Task to complete: Transcribe each record exactly, but omit pictures.

=== Provided data ===

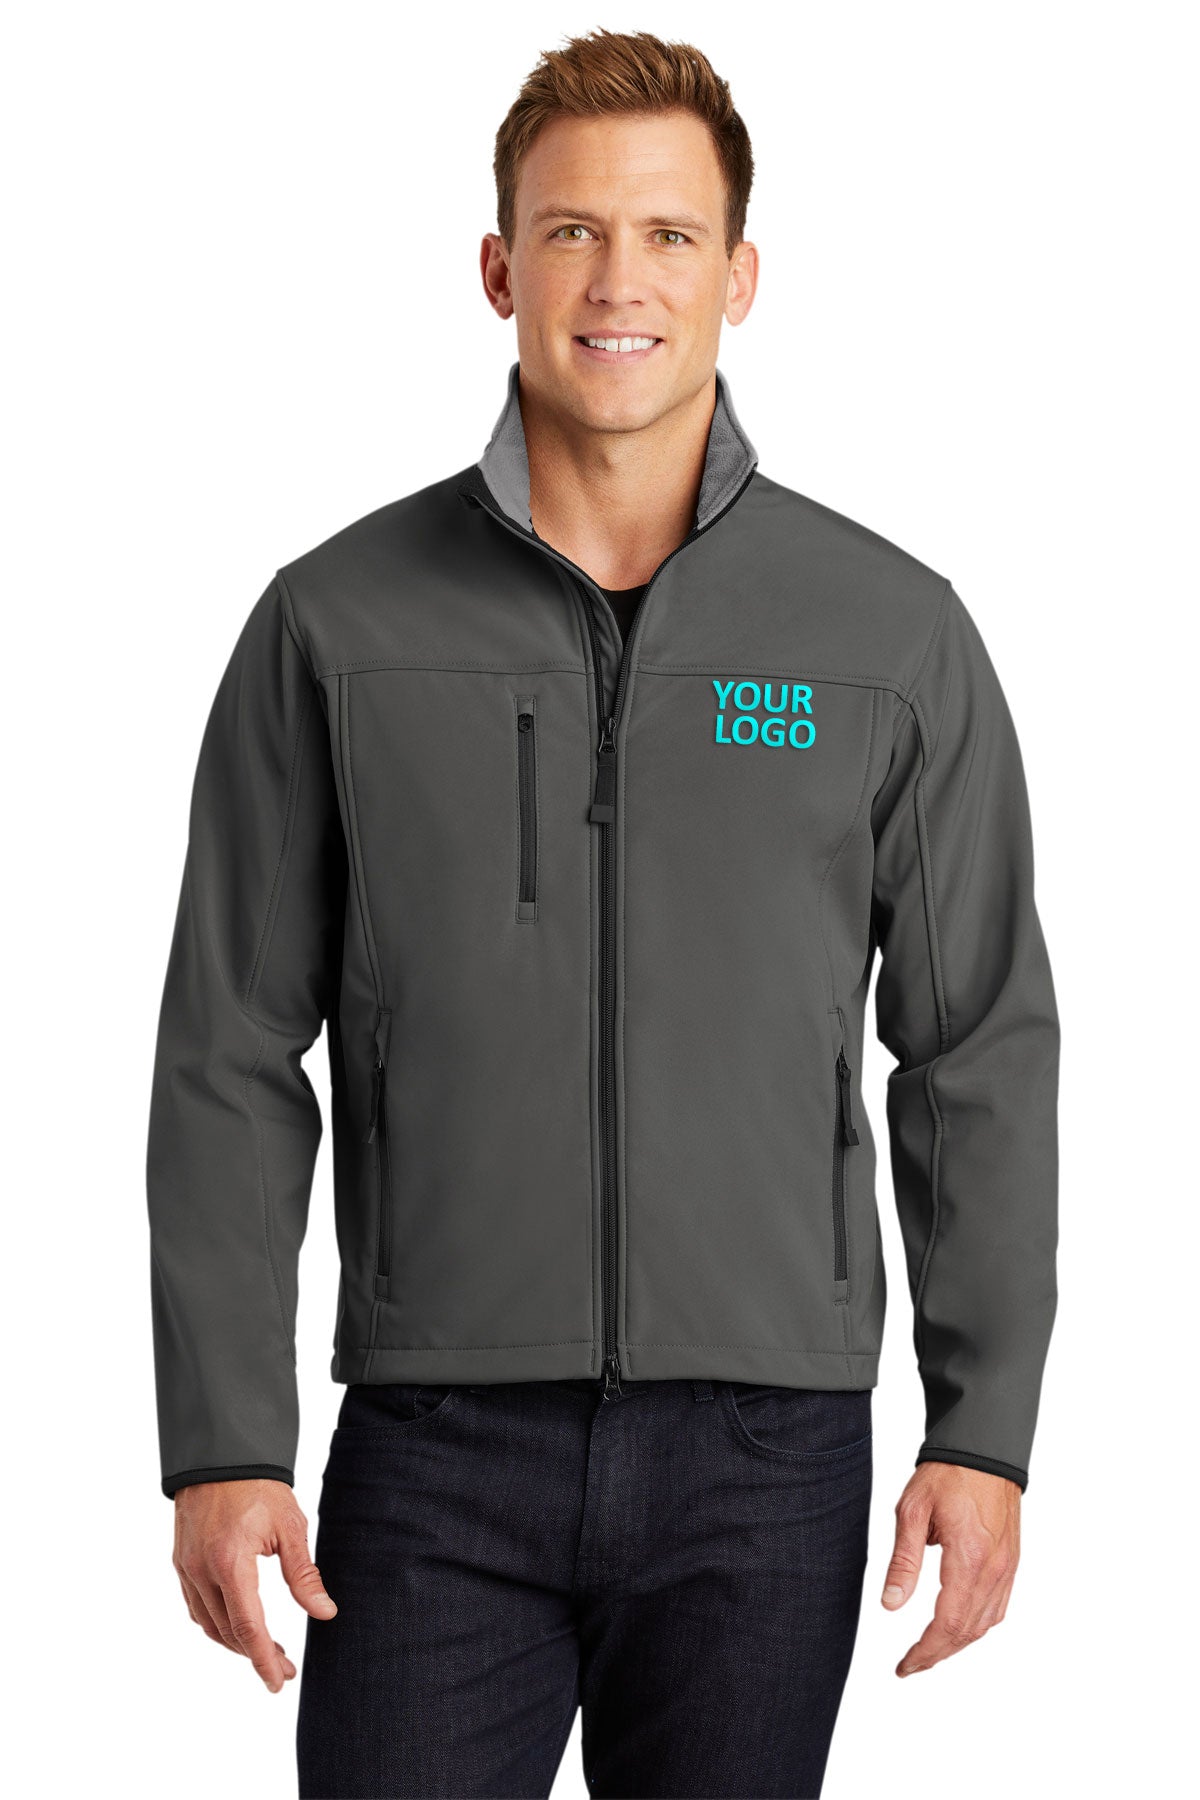 port authority smoke grey/ chrome tlj790 business jackets with logo
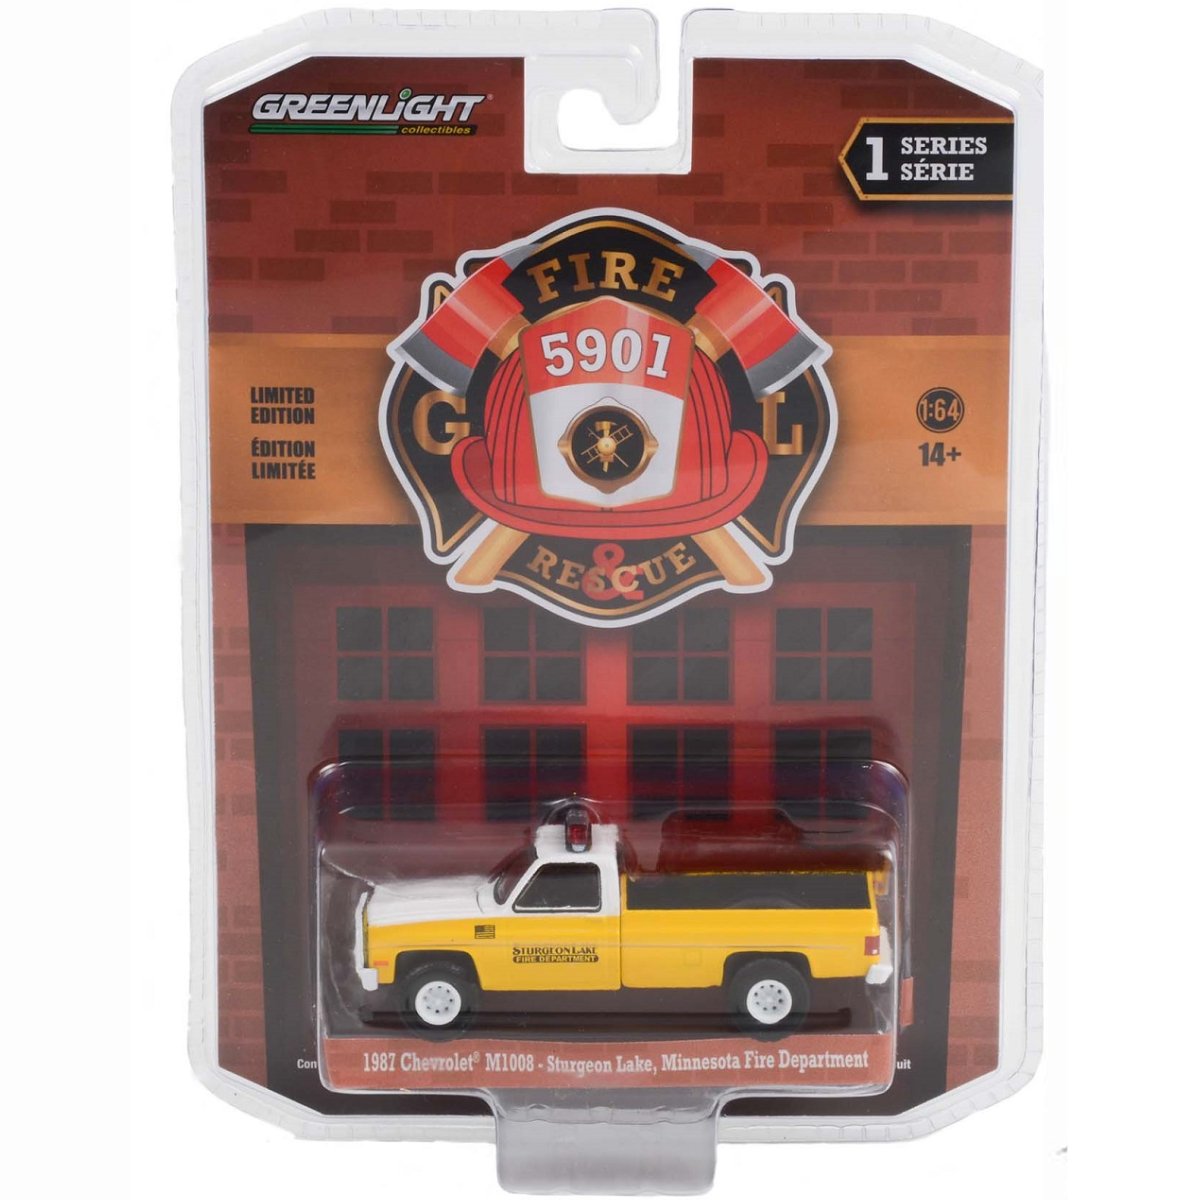 Greenlight 1987 Chevrolet M1008 Sturgeon Lake, Minnesota Fire Department - 1:64 Scale
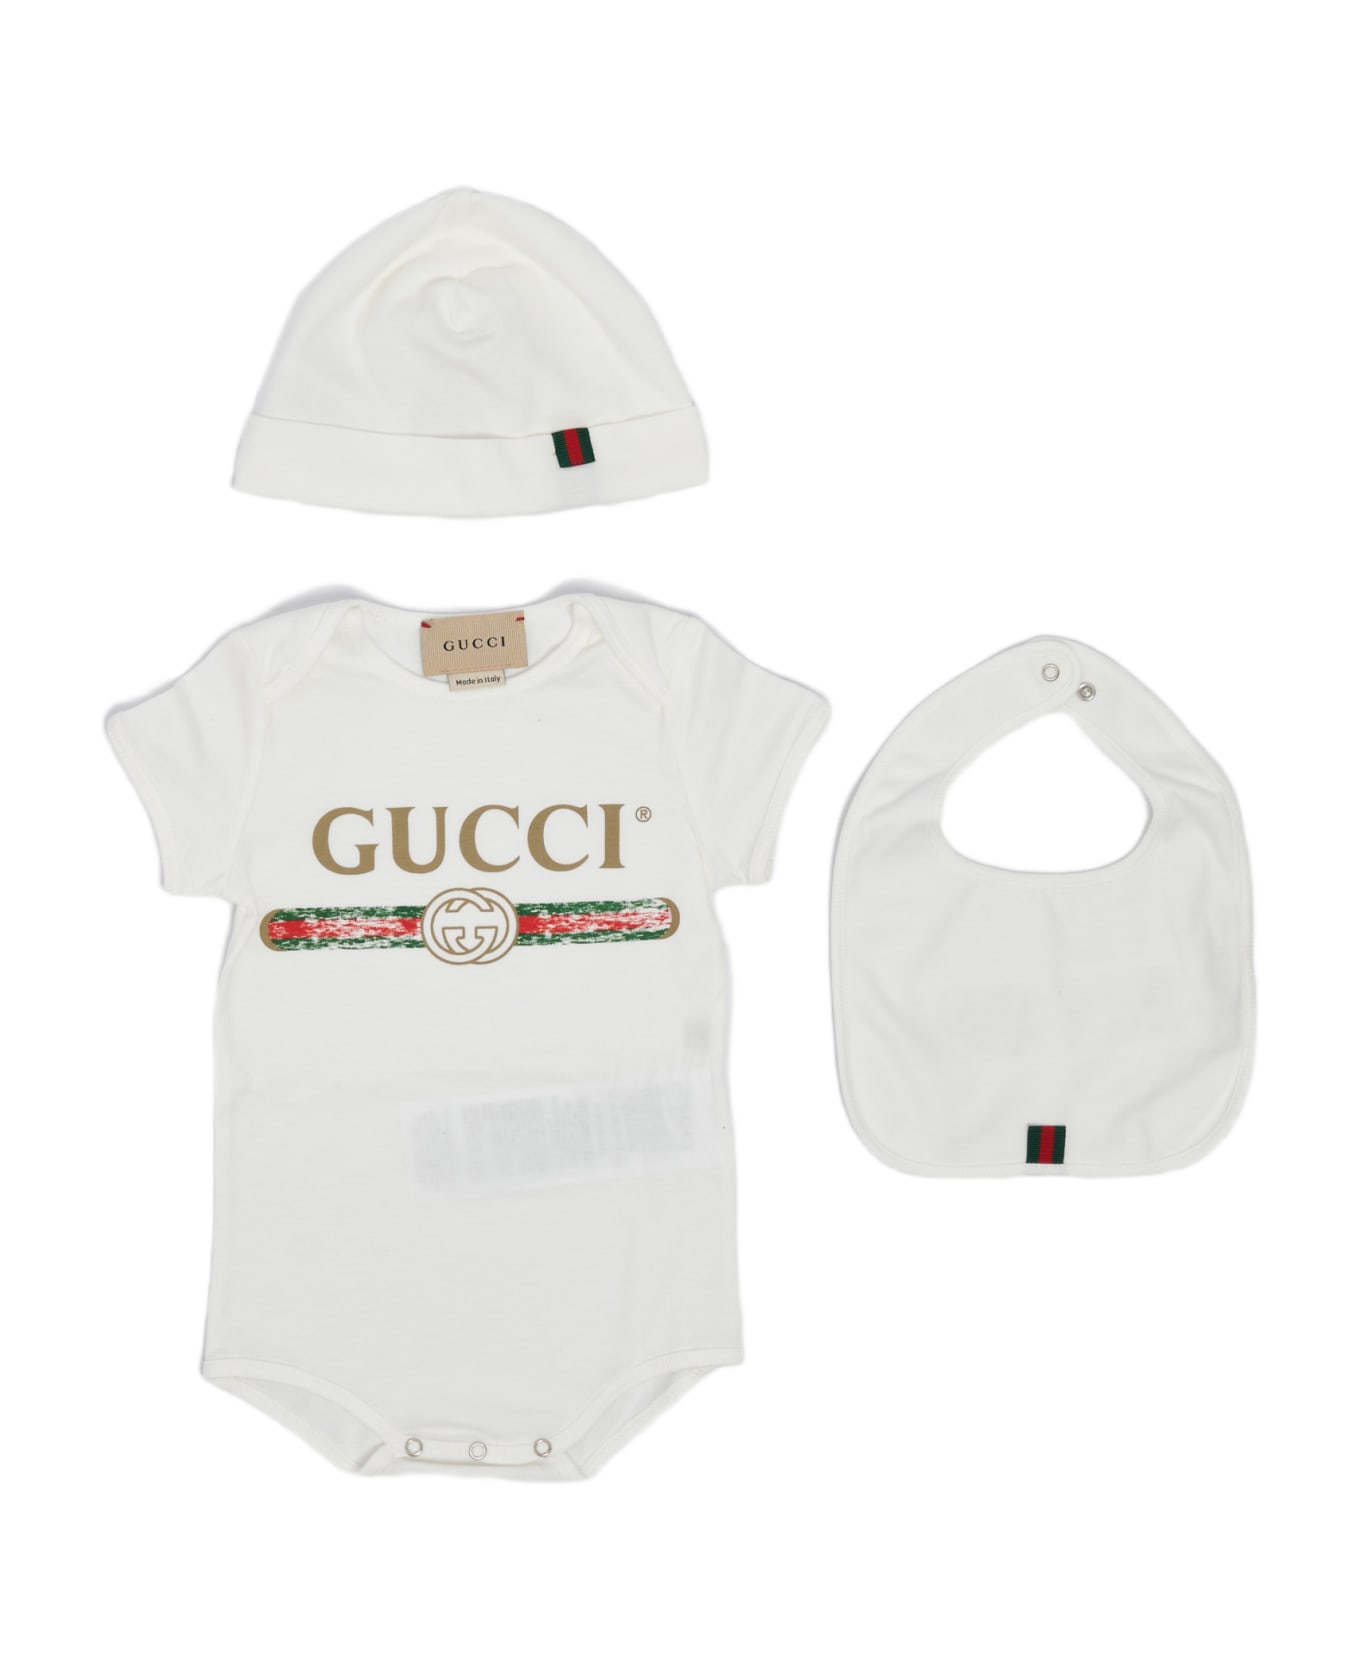 Gucci Gift Set Suit - BIANCO
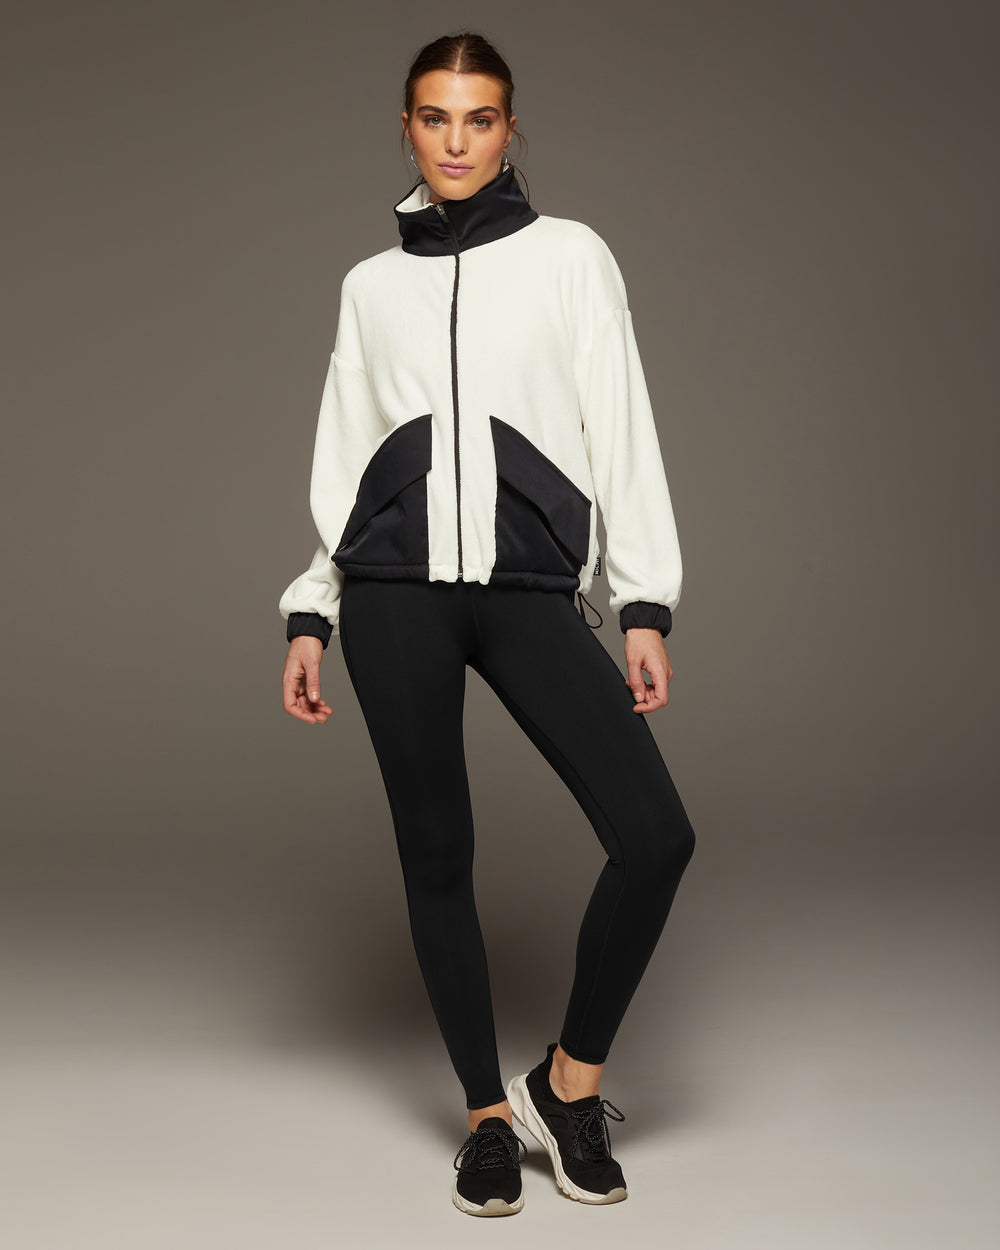 Shop the MICHI Powder Jacket | Women's Designer Activewear
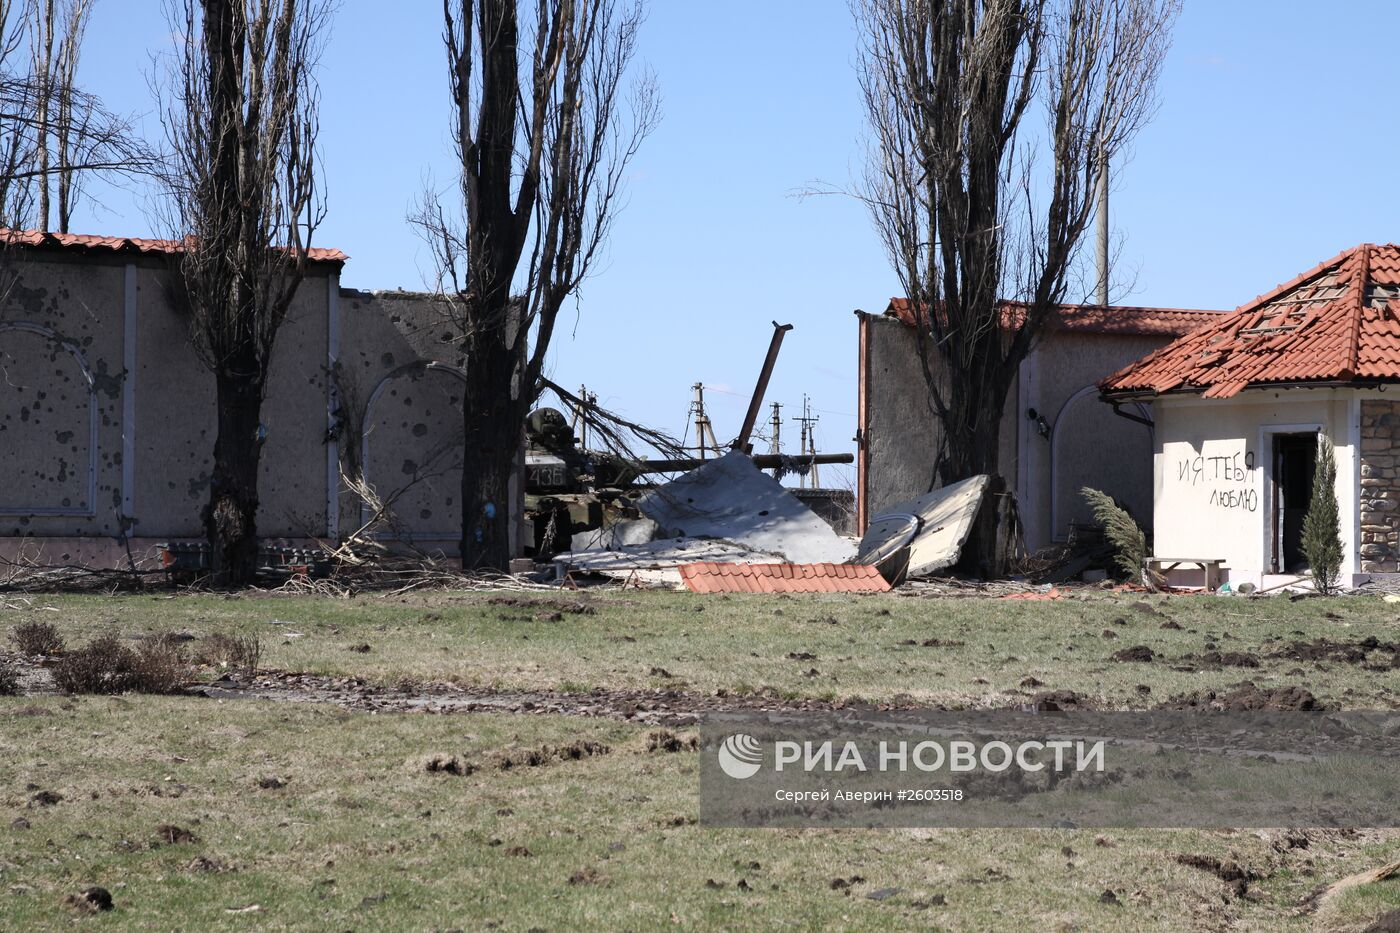 Представители ОБСЕ посетили поселок Спартак в Донецкой области

===

Solution to this task:
 port authority smoke grey/ chrome tlj790 business jackets with logo
 Greenlight 1987 Chevrolet M1008 Sturgeon Lake, Minnesota Fire Department - 1:64 Scale
 Gucci Gift Set Suit - BIANCO
 Shop the MICHI Powder Jacket | Women's Designer Activewear
 Представители ОБСЕ посетили поселок Спартак в Донецкой области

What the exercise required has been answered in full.